Marianne’s plebian sense of struggle embarrassed Russell. He didn’t want to hear about the coal mines, to feel their darkness falling upon him. When she started to remember strikes and lay-offs and grocery bills, a fatuous smile would come over Russell’s face and he would say abruptly, “You sure have one good pair of legs. The greatest.” He was as poor as Marianne had ever been and he had debts, but he was strangely spoiled.

One night he mentioned a particularly ferocious partly at the hairdressers’ rooms. Marianne frowned. The next time he went further. He said something in an offhand way about “last night” and she responded quickly, with irritation. “Last night! Honey, I thought you went home! It was after midnight when you left my place. And a weeknight at that. God!”

It was not long before his evening partings with Marianne were punctuated by pleas. “Russ, for God’s sake get some sleep! It’s nearly one o’clock.”

“So what?” he would say, not unkindly, teasing her. He felt a thrill of power. He did not want moral enlargement and he took pride of a kind in his ability to resist it.

Marianne usually came to the shop at three-thirty, after her classes were over. She polished, she mended, she rearranged, she swept. Mr. Soferis was pleased. Russell did not take credit for the change, such as it was, but he took credit for Marianne. Mr. Soferis said, “Russ, you got that girl just in time. My lawyer says to me last week, ‘What good does that Beacon Hill branch do you?

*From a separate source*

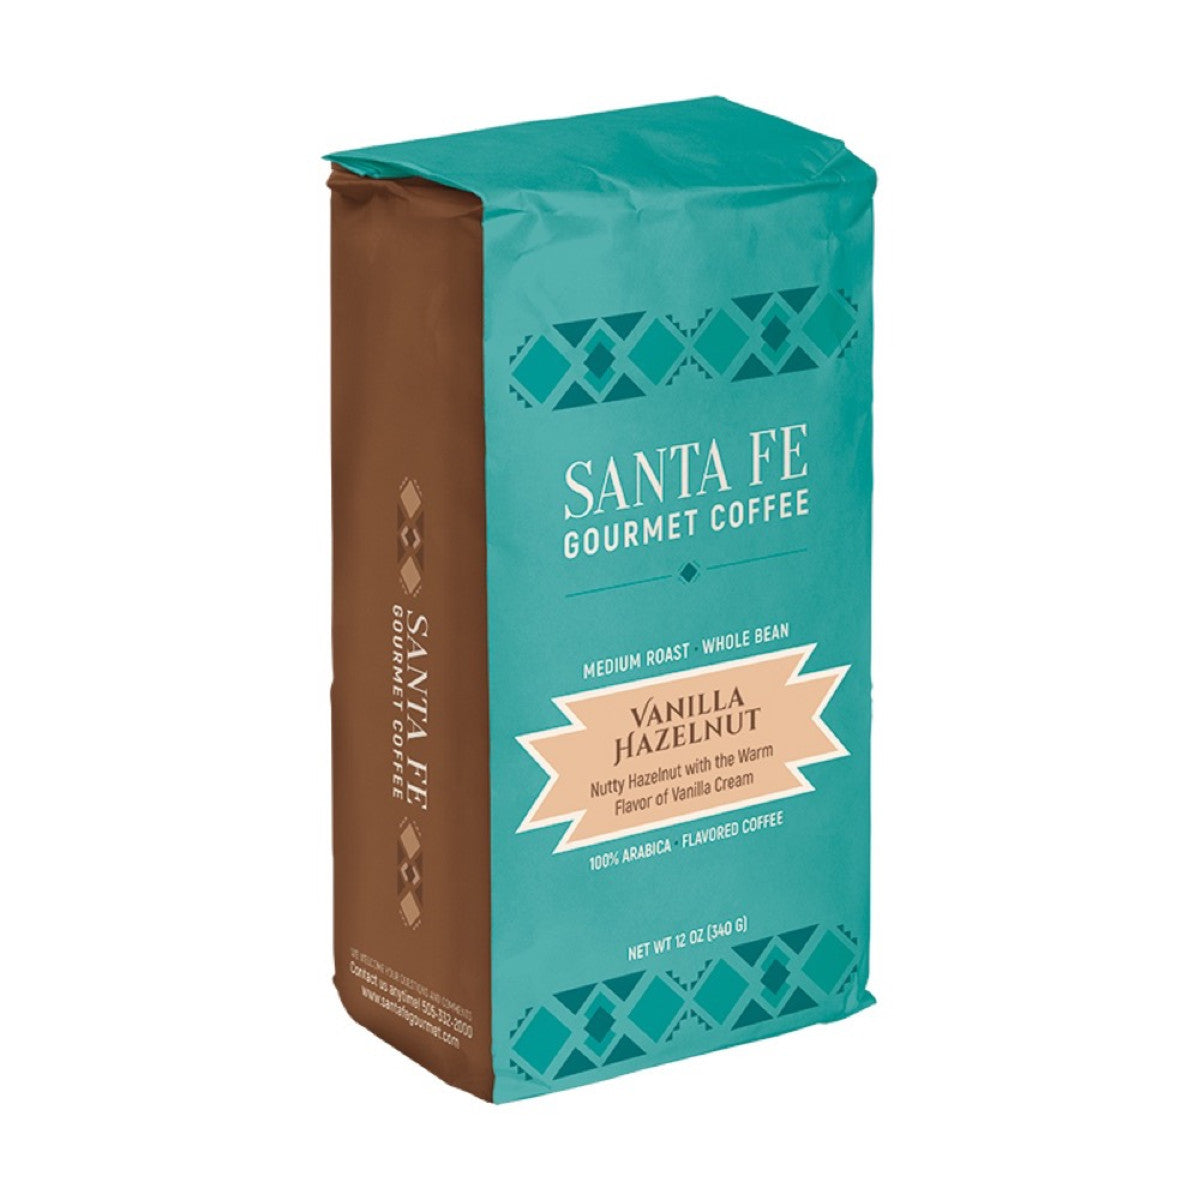 Santa Fe Gourmet Coffee - Vanilla Hazelnut - Whole Bean

You have the highest rent of all your outlets there and take in the least.’” Russell was interested in this information. He did not want to leave the Hill. Indeed he liked living in Boston. He had his little fund of jokes about old, grand Boston ladies and even made feeble attempts to imitate the popular local type. He sighed soulfully over Christmas Eve on Louisburg Square. “It’s great. Some of those old houses put on a real show.” He most certainly did not want to go back to the filling station.

Russell hinted at some of the shop’s troubles to Marianne. “I don’t think the stock is good enough and I’m going to tell the old man if I see him,” she said. Russell himself passed this diagnosis on to Soferis who mumbled, “I will send a few collector’s items in and see if they move.”

Marianne came in the shop as often as she could. She still brooded over her schoolwork. “Funny, I’m doing real well and all that,” she said. “There is only one person who’s better and he’s a real honest-to-goodness genius. Really something. Dickie Angelo. He’ll be big, we all think that. Probably do show clothes or something. His ideas are tremendous.”

For herself she was afraid of New York. “I can’t imagine myself there. Can you imagine me there, Russ? Now, honestly.”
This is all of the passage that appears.